Лазалки
Шрифт:
Как-то раз Светка Песня брела домой днем. Сорвав Какнивчемнебывало, больше ничего не желая скрывать. В мятом платье, растрепанная, с зеленоватыми кругами под глазами, она шла, тихонько напевая, доедая на ходу мятый, остывший пончик. Ей не хотелось подниматься по лестнице на пятый этаж, в душную, неприбранную квартирку своей пьяной матери. Она кивнула в знак приветствия и села рядом с нами, на гору ржавых труб, возле сетки заброшенного детсада. Помолчала, прислушиваясь к нашей болтовне, крутанула потертый замочек маленькой сумки на тонкой золотой цепочке. Заговорщически поманила нас, улыбаясь распухшей розовой кляксой рта. Она шепнула: «Смотрите-ка». И зачерпнула из сумочки худой рукой с длинными костлявыми пальцами, на которых был облупленный перламутр лака, горсть шариков: медных, мельхиоровых, посеребренных, а еще разноцветных – окрашенных зеленой, желтой и синей краской, с черной сеточкой трещин. «Чё это у тебя?» – поинтересовался рыжий Леня, придвинувшись к ней поближе. «Шарики». «А ну, отдай, зачем они тебе», – грубо скомандовал Славка-шпана, схватив за худенькое запястье с тонкой серебряной цепочкой.
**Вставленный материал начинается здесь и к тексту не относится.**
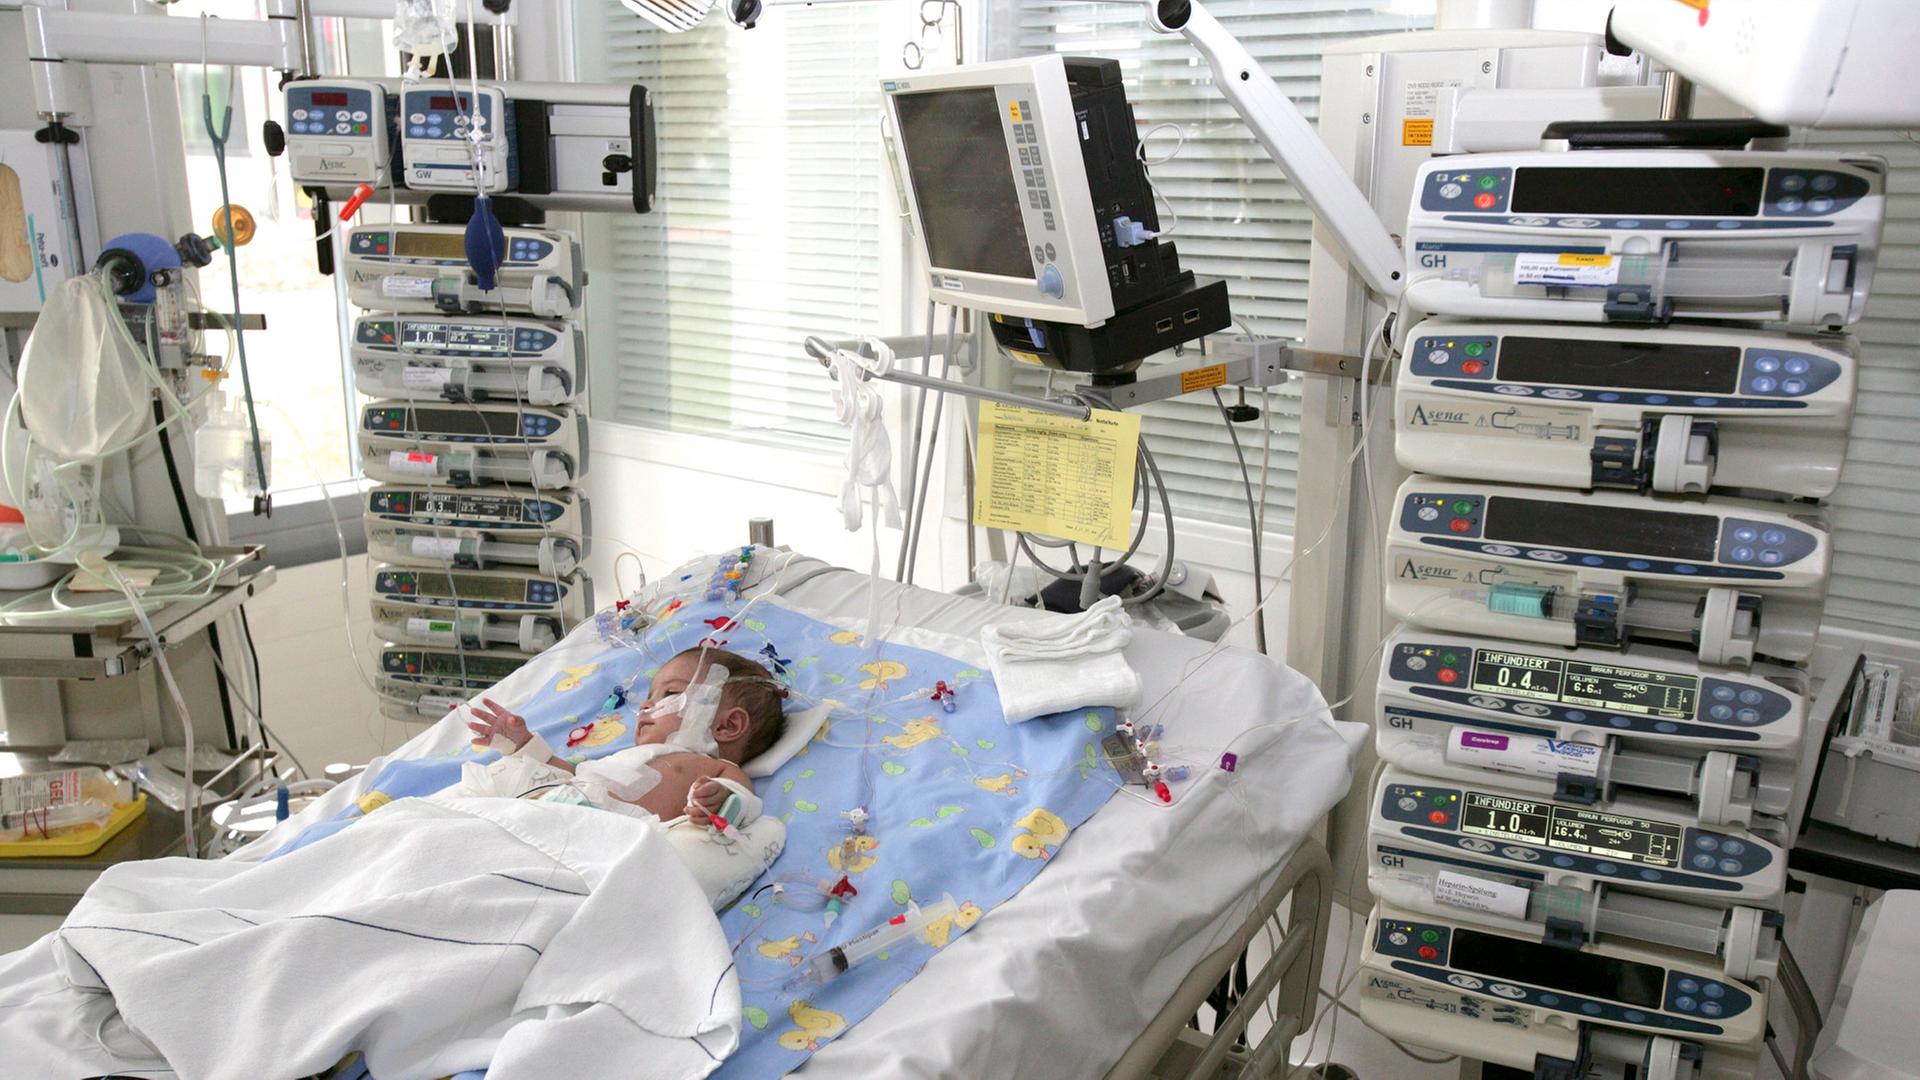 Ein Baby liegt in einem Krankenhausbett auf einer Intensivstation. Um das Bett sind medizinische Geräte aufgebaut.

Но Света зажала кулак, вырвала руку и легонько оттолкнула Славку, рыкнув: «А ну сядь!» Она шепнула, ее глаза сверкнули и возникли из расплывшихся, отекших век: «Это не простые шарики. Не верьте, что вам тут наговорят. Они ничего не знают. Они тут сидят, в своих тесных квартирках, как в гробах. А я знаю. Эти шарики иногда валяются вдоль взлетных полос. Когда самолет взлетает, из его колес высыпаются такие вот, – она выбрала из горсти серебряный шарик, – и эти все.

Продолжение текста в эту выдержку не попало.